飞鹰的训导员叫黎冉,她拉过贺莹莹,“没事,警犬打架都是很常见,你别往心里去,郝盛也是担心二虎心情才语气恶劣了一点,他平常不这样的,你别往心里去。”去年九月参与全国警犬大赛,她跟贺莹莹住同一个房间,彼此加了联系方式,虽然不说聊得很熟悉,但总归是知道几分性格,她怕贺莹莹多想。
“嗯,回头我给二虎买个大鸡腿,二虎还喜欢吃什么?”贺莹莹说,她为九月操碎了心,不想她一来就打了眼。她自掏腰包安慰一下二虎,这事就算是过去了,郝盛要是再拿着这就是不放,那就是他的不对。
态度要拿出来,她先拿就占了先机。
“可以,二虎还喜欢吃罐头,你买两个,也不贵,几十块。”黎冉倒是实实在在欣赏起贺莹莹,脑瓜子挺灵活。
“九月真威风,不过我刚才也没看出来,她脾气这么大。”
贺莹莹顺着黎冉的话说,“不惹她就没事,要是让她生气了,不管是狗还是人那都是不能饶的,一定要出了这口气。”
“是吗,真没看出来。”黎冉说。
一场风波过去,九月当真训导员的面跳回犬舍,又乖乖地回到位置躺下,单看毛茸茸的脸,谁能知道她刚才打了场胜仗?
大获全胜!
“凶啊。”傲雪带着羡慕的语气说,她已经很多年不曾打过架了。她自认对上毒贩或者吸毒的人她一如既往的凶悍,但是训导员不让她出任务,担心她的安危。
没办法,她老了。
九月做了一个搞怪的表情逗她,“帅不?”她佩服傲雪,不想傲雪陷入悲伤的情绪中。
“哈。”傲雪笑了笑,目光放空,似乎在回忆什么。
到了凌晨,九月才把省厅所有警犬认了一个遍,随着夜巡的警犬归来,气味与外形终于对上了。
第二天,九月被安排在下午执行巡逻任务,这会儿还早呢,不急。
*
“逃窜?确定吗?”刑警支队三中队的中队长樊磊接了一个电话,又问那边,“查到他有没有购买高铁票或者飞机票了吗?单是逃窜,范围太大了。”

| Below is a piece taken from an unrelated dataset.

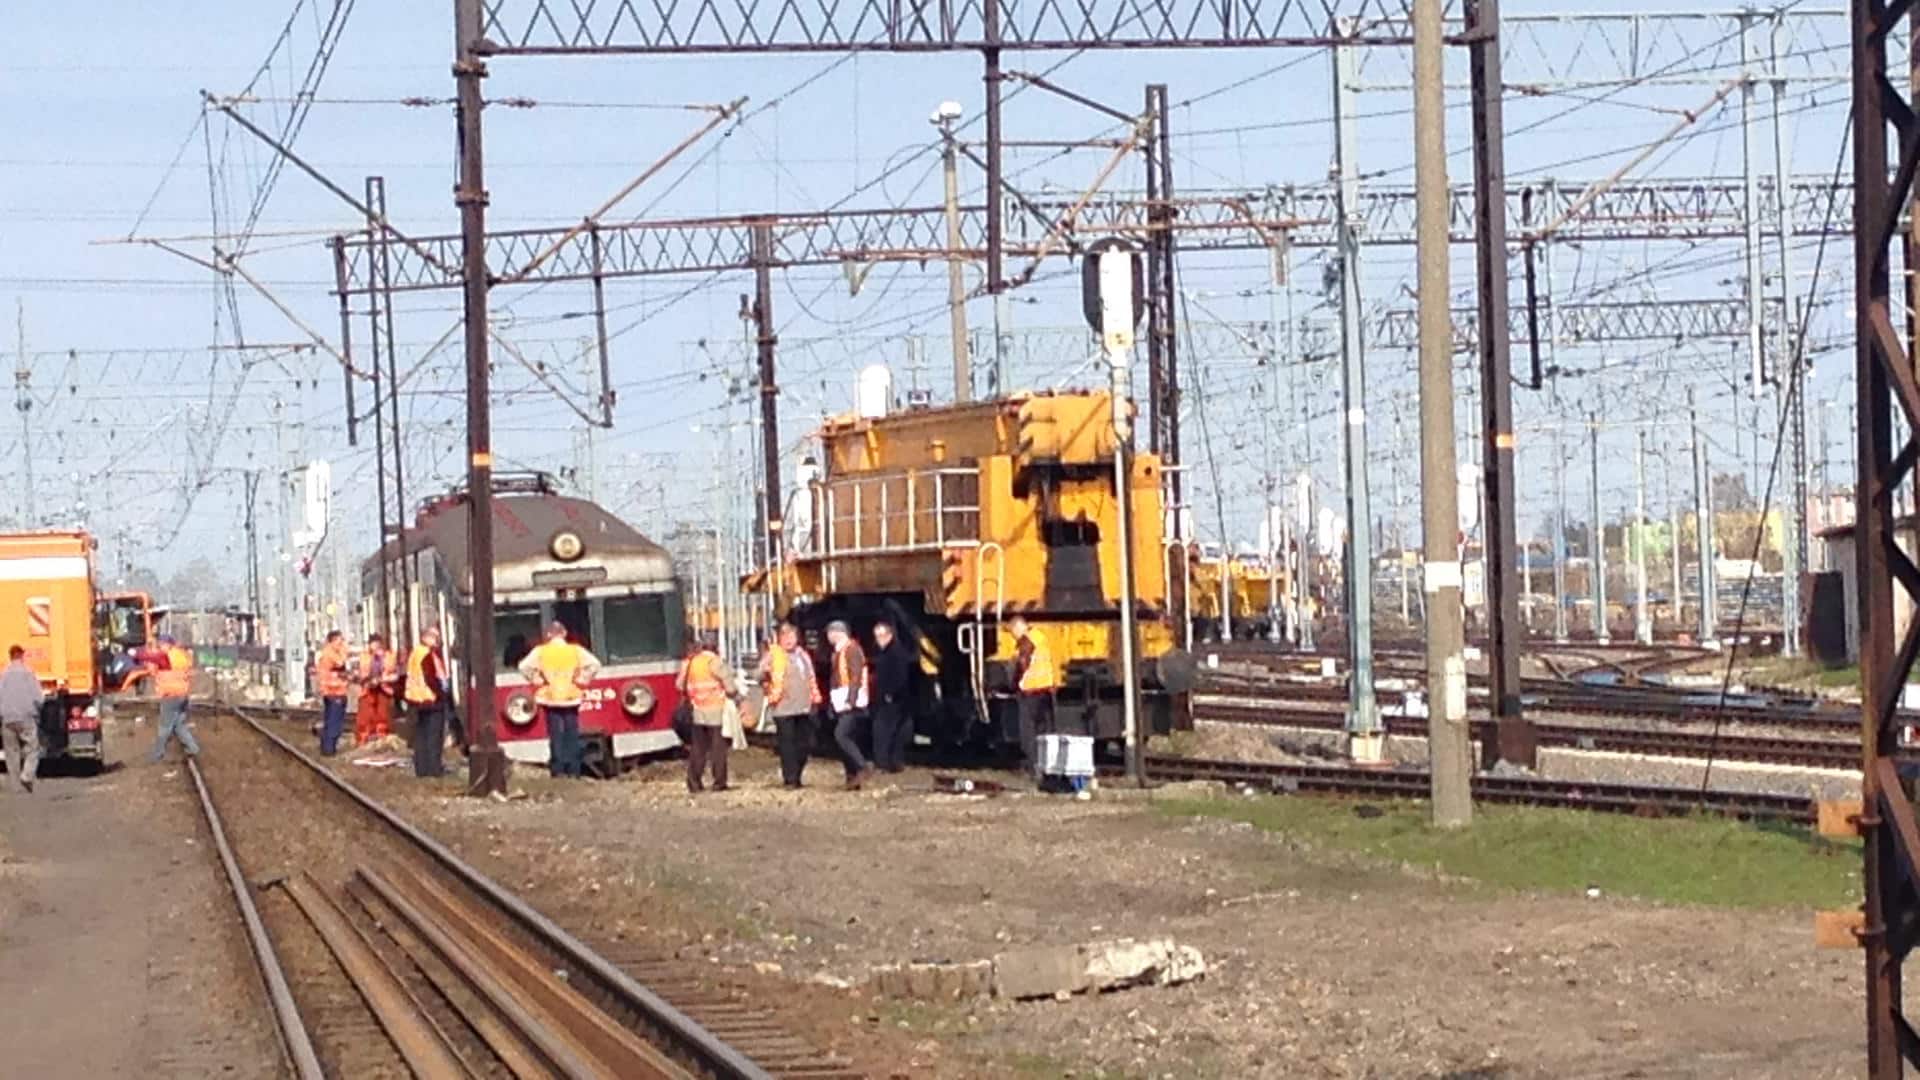 Pociąg wykoleił się w Iławie [FOTO] wypadek Wiadomości, Bartoszyce, Olsztyn, TOP, zemptypost, zPAP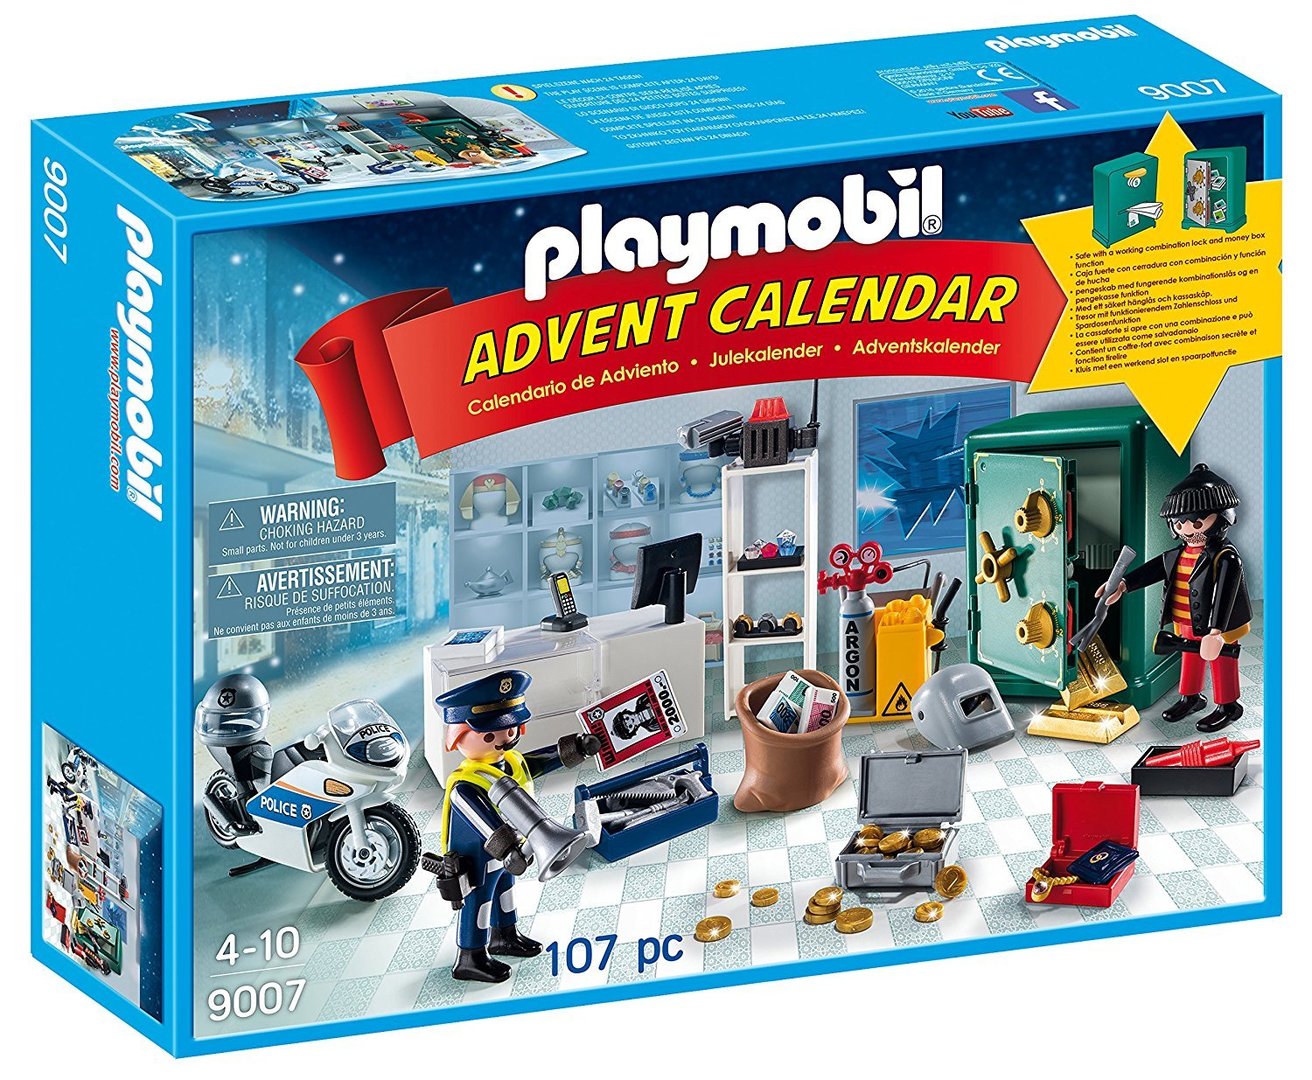 Pesimista tobillo línea Playmobil 9007 - Calendario de adviento robo en la joyería - I61

“没查到,我们猜测他是沿着小路开车跑的,从一个监控发现了他的车辆,方向是往南兴去,不知道是不是到了南兴再买票,我们正在监控他的购票情况,但是南兴太大,还请省厅给予我们天阳市局一些帮助。”
樊磊应了,“我会让一组警员查监控,有发现就跟你们说。”等挂断电话,他又打电话给属下,“祁隆,来我这里一趟,有个案子。”
“樊队。”一分钟后,祁隆敲了敲门,进来坐下之后还给樊磊倒茶,“樊队,这次是什么案件?”
“杀人案,不过是天阳市局办的,没有移交,只是让我们协助。”樊磊解释道,“一个男人把一个女主播骗走,随后强.奸碎尸,现在这个男人正往南兴逃窜,你们这一组查监控,务必把他阻拦住,天阳市局的刑警正在赶来的路上。一旦让他逃脱,他再犯案的概率很大。”
这个男人赌博输光了家底,上网打赏的钱都是借贷,极大可能还不上钱,所以做出极端的事情。